** SUPPLIED DATA follows **
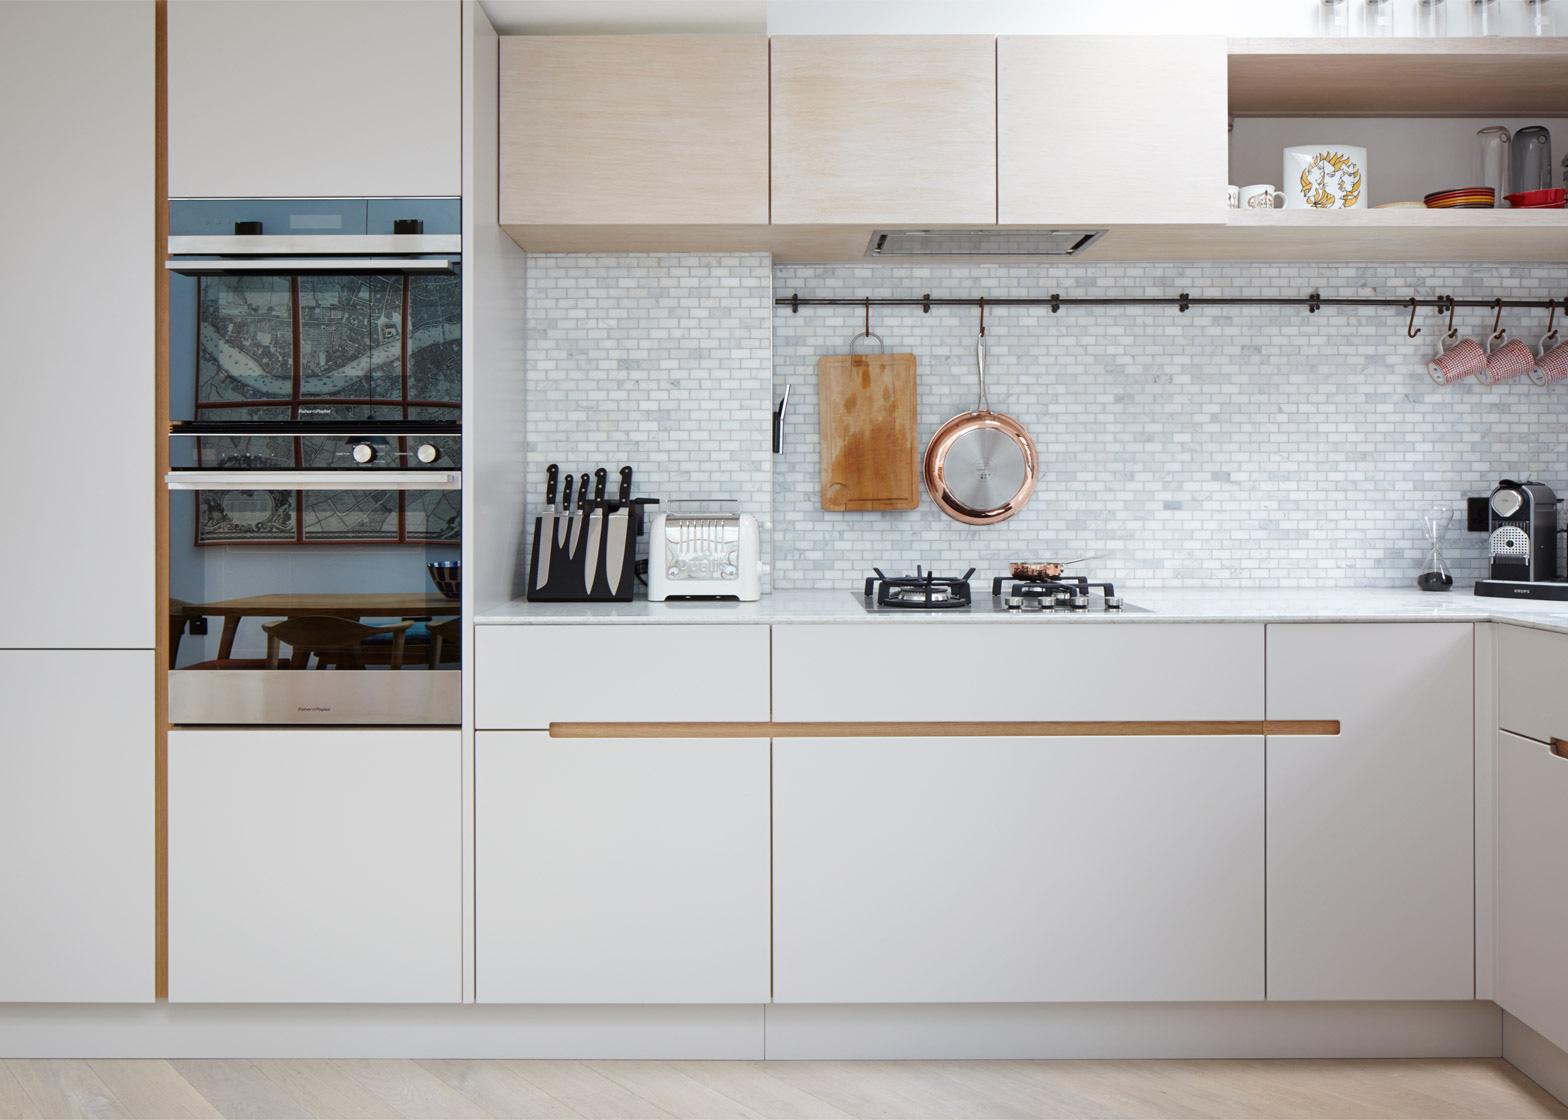 lambeth-marsh-house-fraher-architects-residential-renovation-london-uk_dezeen_1568_7
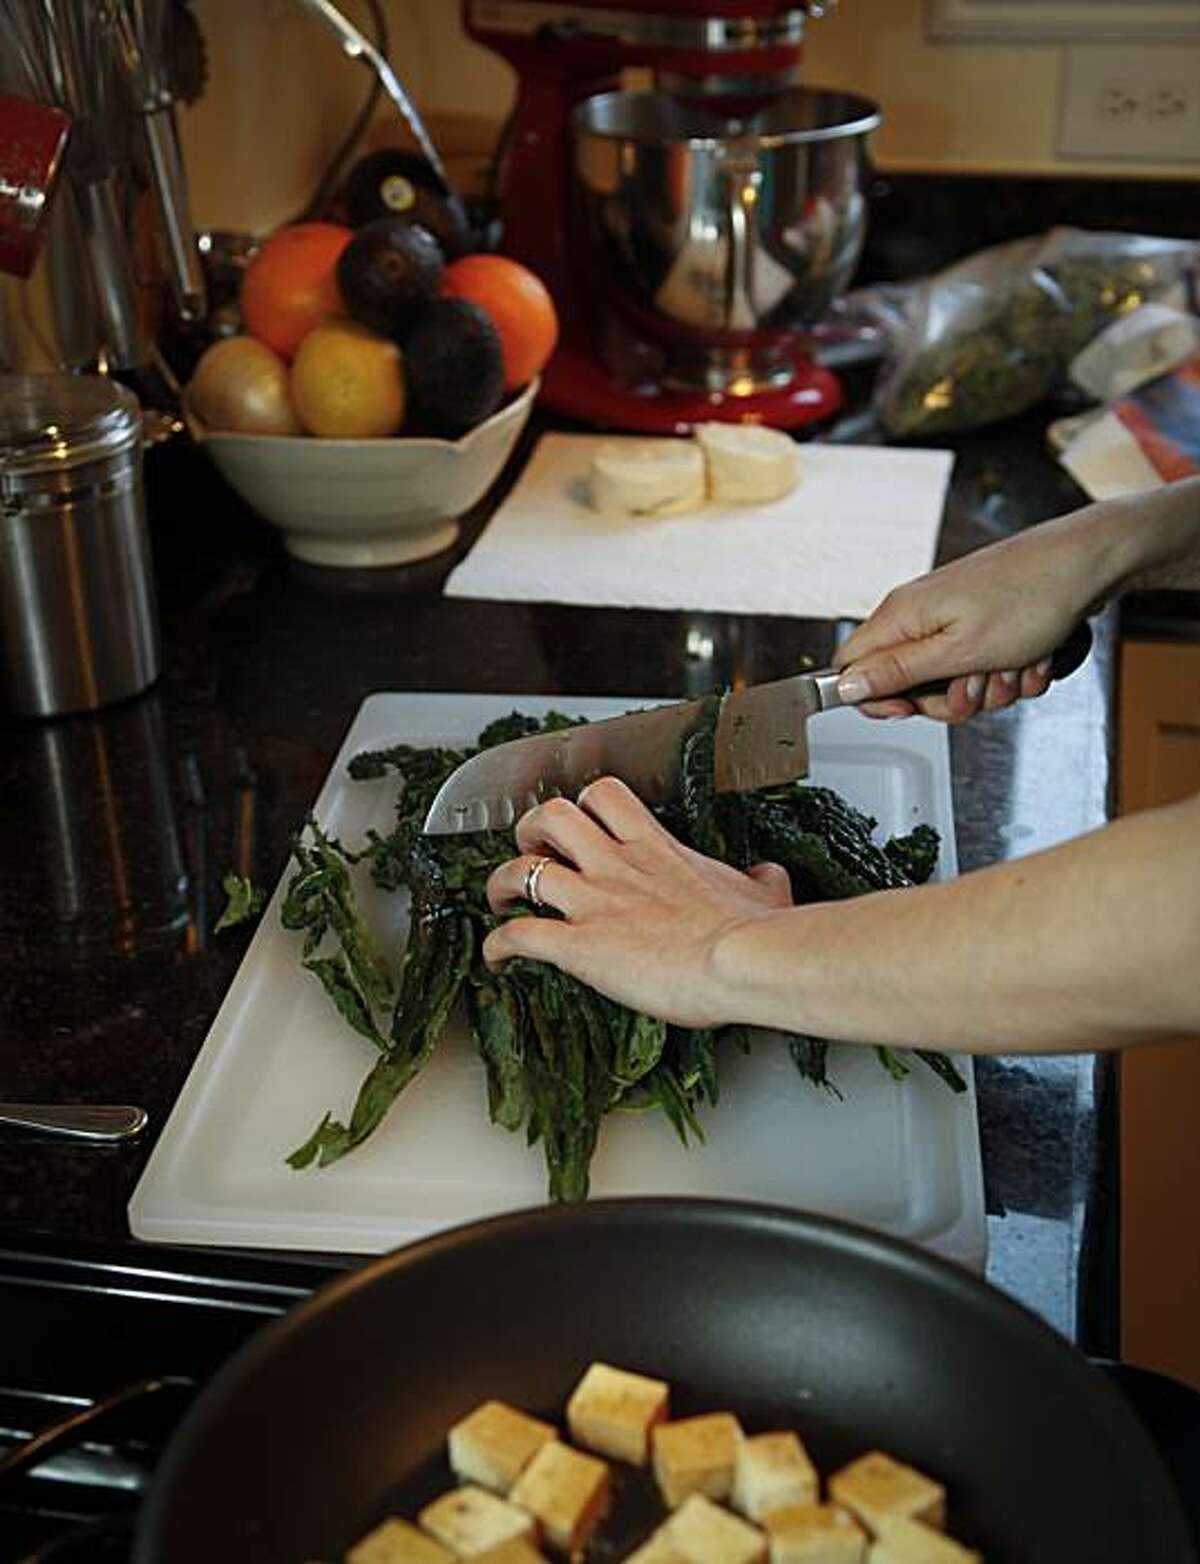 Chronicle Food writer Amanda Gold prepares a weeknight meal of Seared Tofu and Crispy Kale Salad on Monday, Jan. 31, 2011 in San Francisco, Calif.
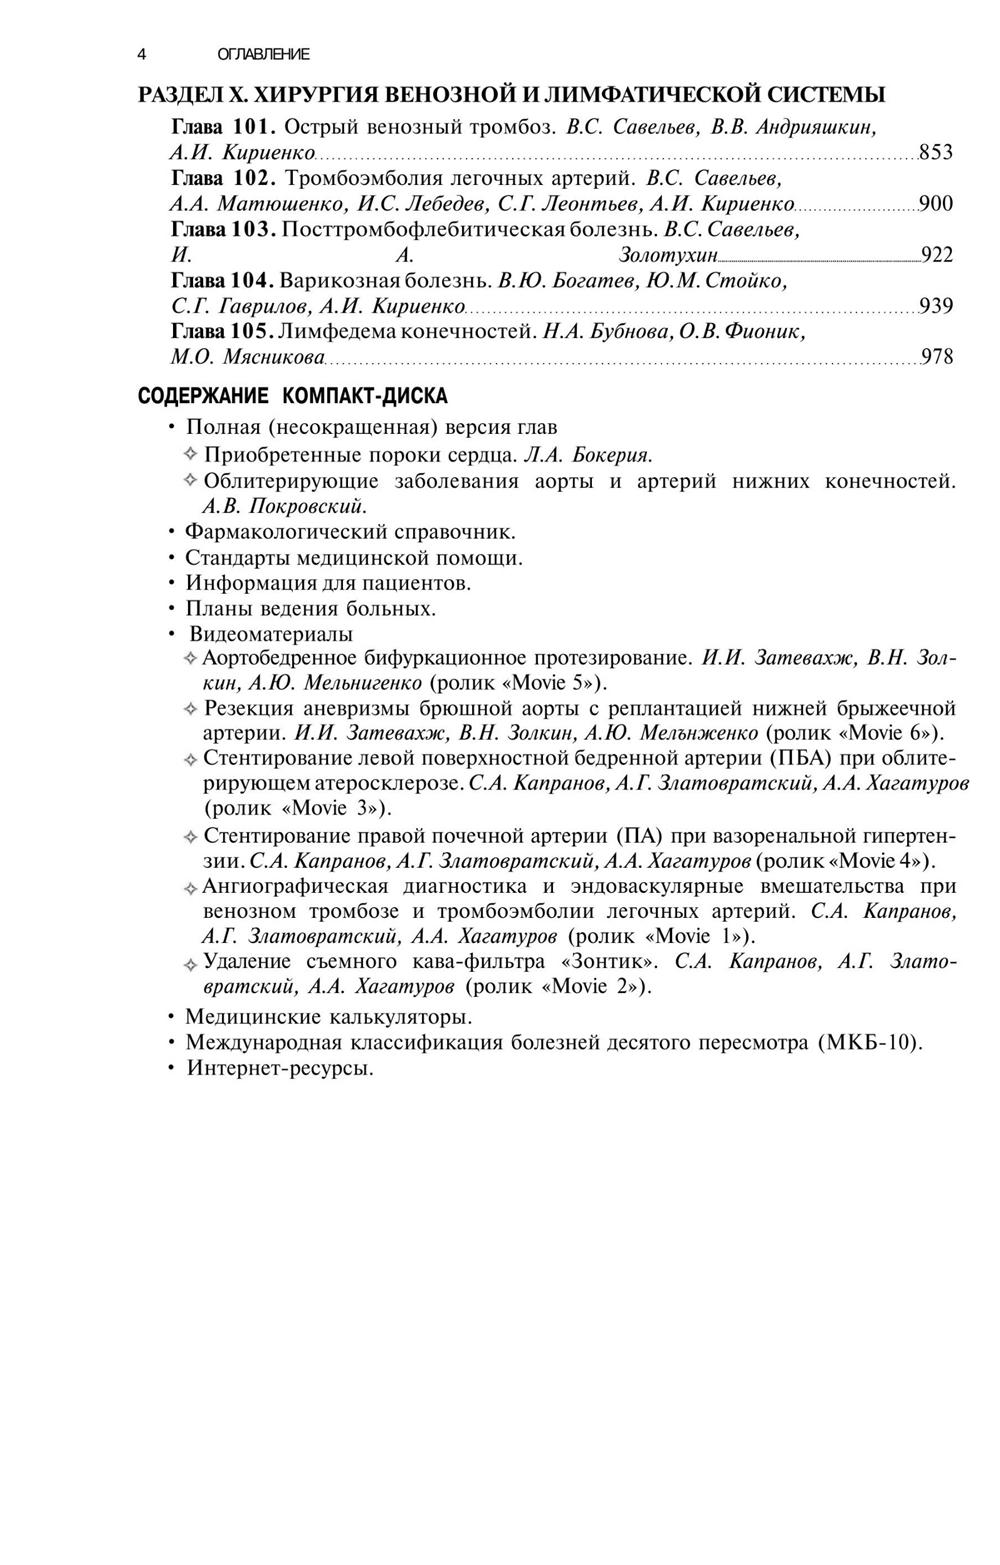 http://ipic.su/img/img7/fs/02.1591284339.jpg
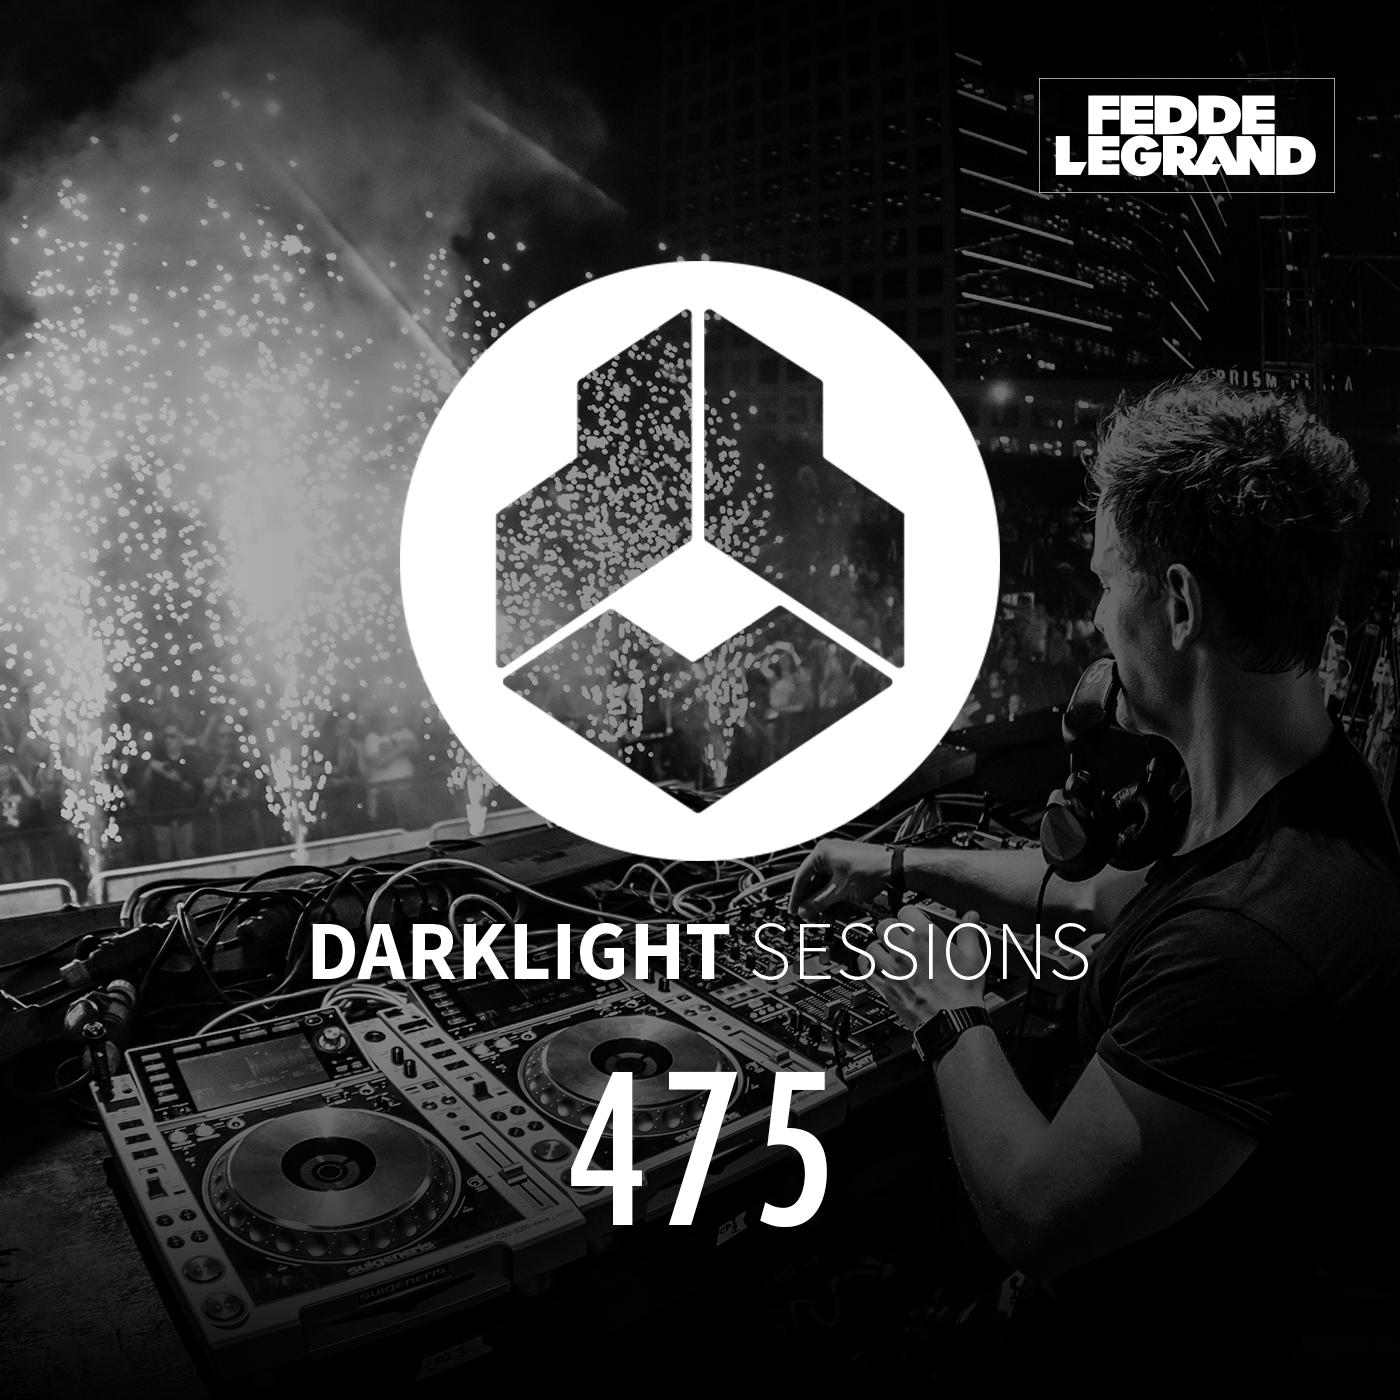 Darklight Sessions 475
** End of SUPPLIED DATA **
▸ **REQUIRED WORK**
Your job is to repeat the data exactly, leaving each picture out.

▸ **ANSWER FOR THE TASK**
 lambeth-marsh-house-fraher-architects-residential-renovation-london-uk_dezeen_1568_7
 Chronicle Food writer Amanda Gold prepares a weeknight meal of Seared Tofu and Crispy Kale Salad on Monday, Jan. 31, 2011 in San Francisco, Calif.
 http://ipic.su/img/img7/fs/02.1591284339.jpg
 Darklight Sessions 475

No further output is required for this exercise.